▶ Problem requirements: Every line below needs to be printed again exactly, without any of its pictures.

▶ Dataset excerpt:
------------------------------

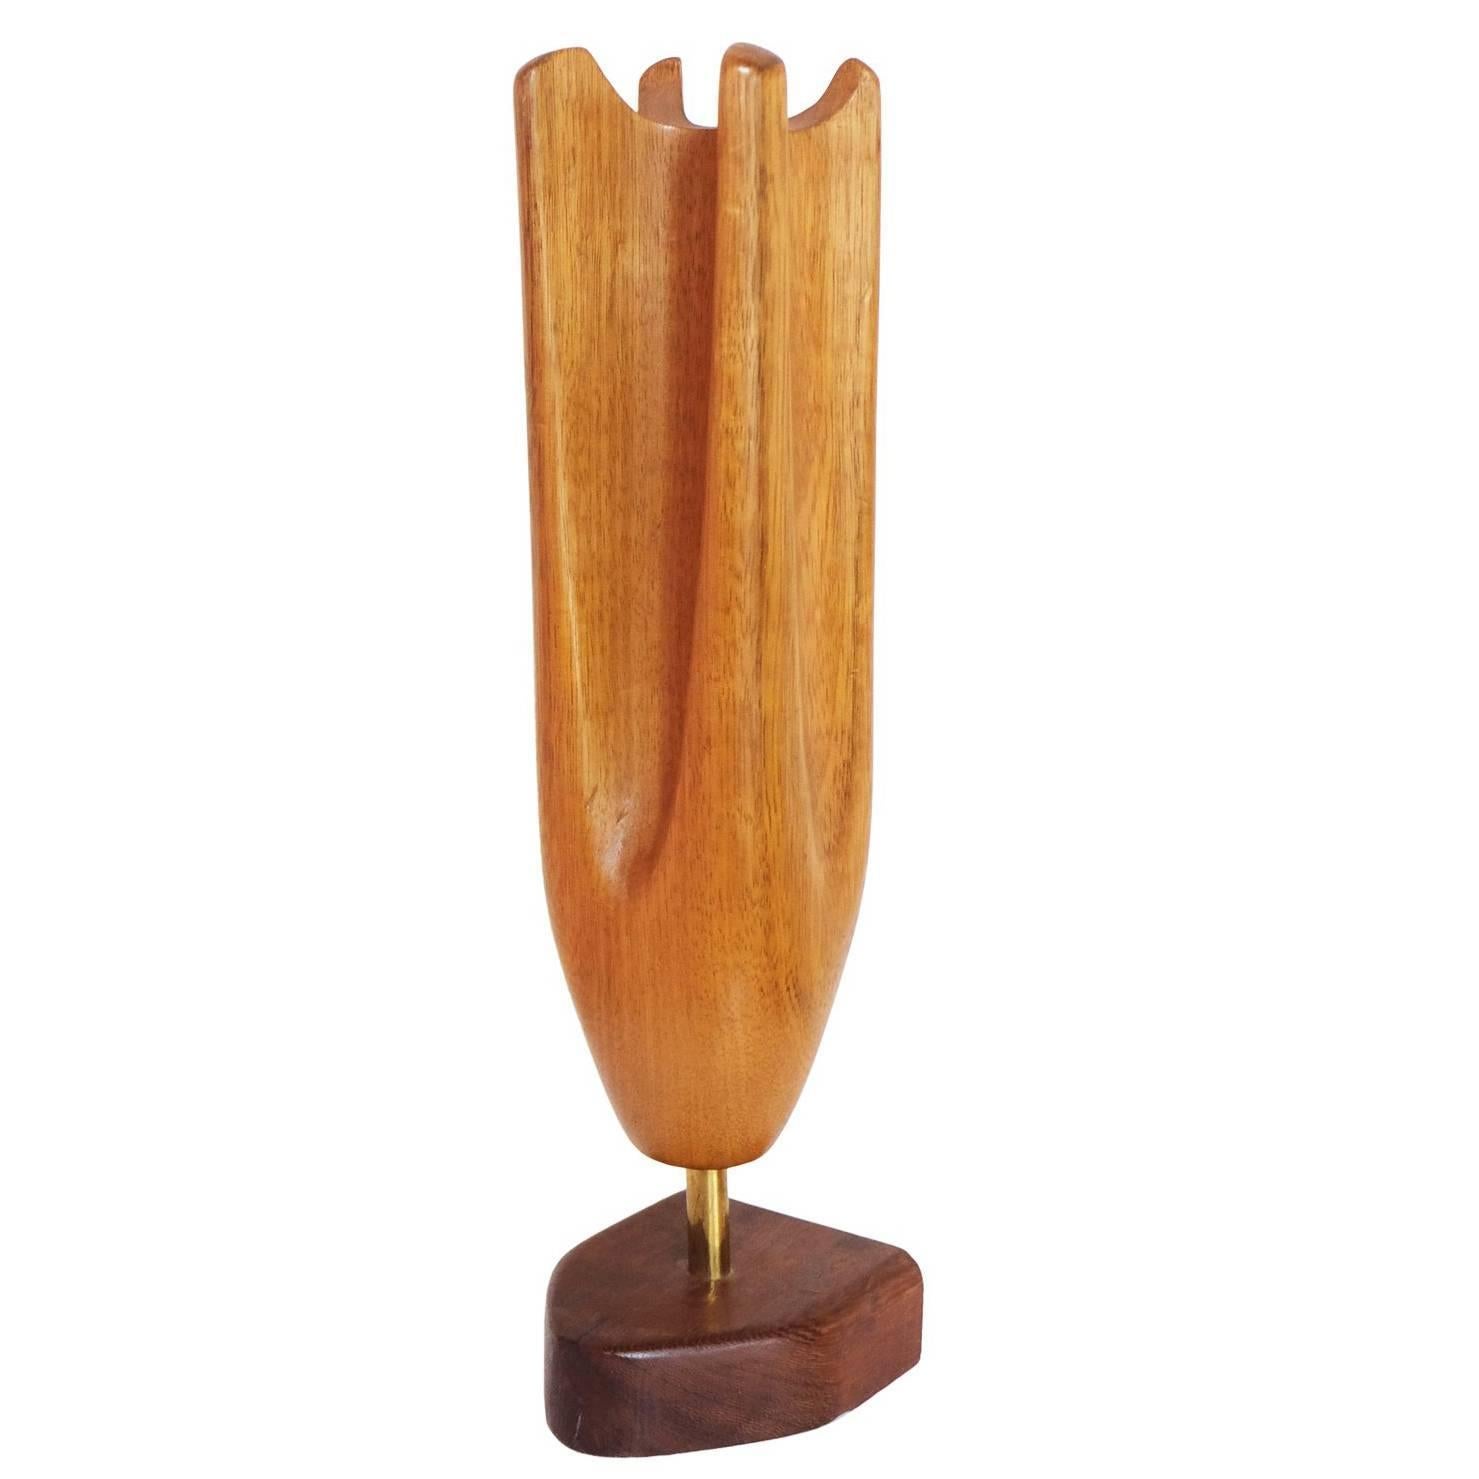 1960s abstract wooden sculpture designed and manufactured in the UK.

Hand carved figured sycamore design with a walnut base and brass stem.

Dimensions: 

H 40cm x W 10cm x D 12cm.
     

------------------------------

▶ Reply to the task:
 1960s abstract wooden sculpture designed and manufactured in the UK.

Hand carved figured sycamore design with a walnut base and brass stem.

Dimensions: 

H 40cm x W 10cm x D 12cm.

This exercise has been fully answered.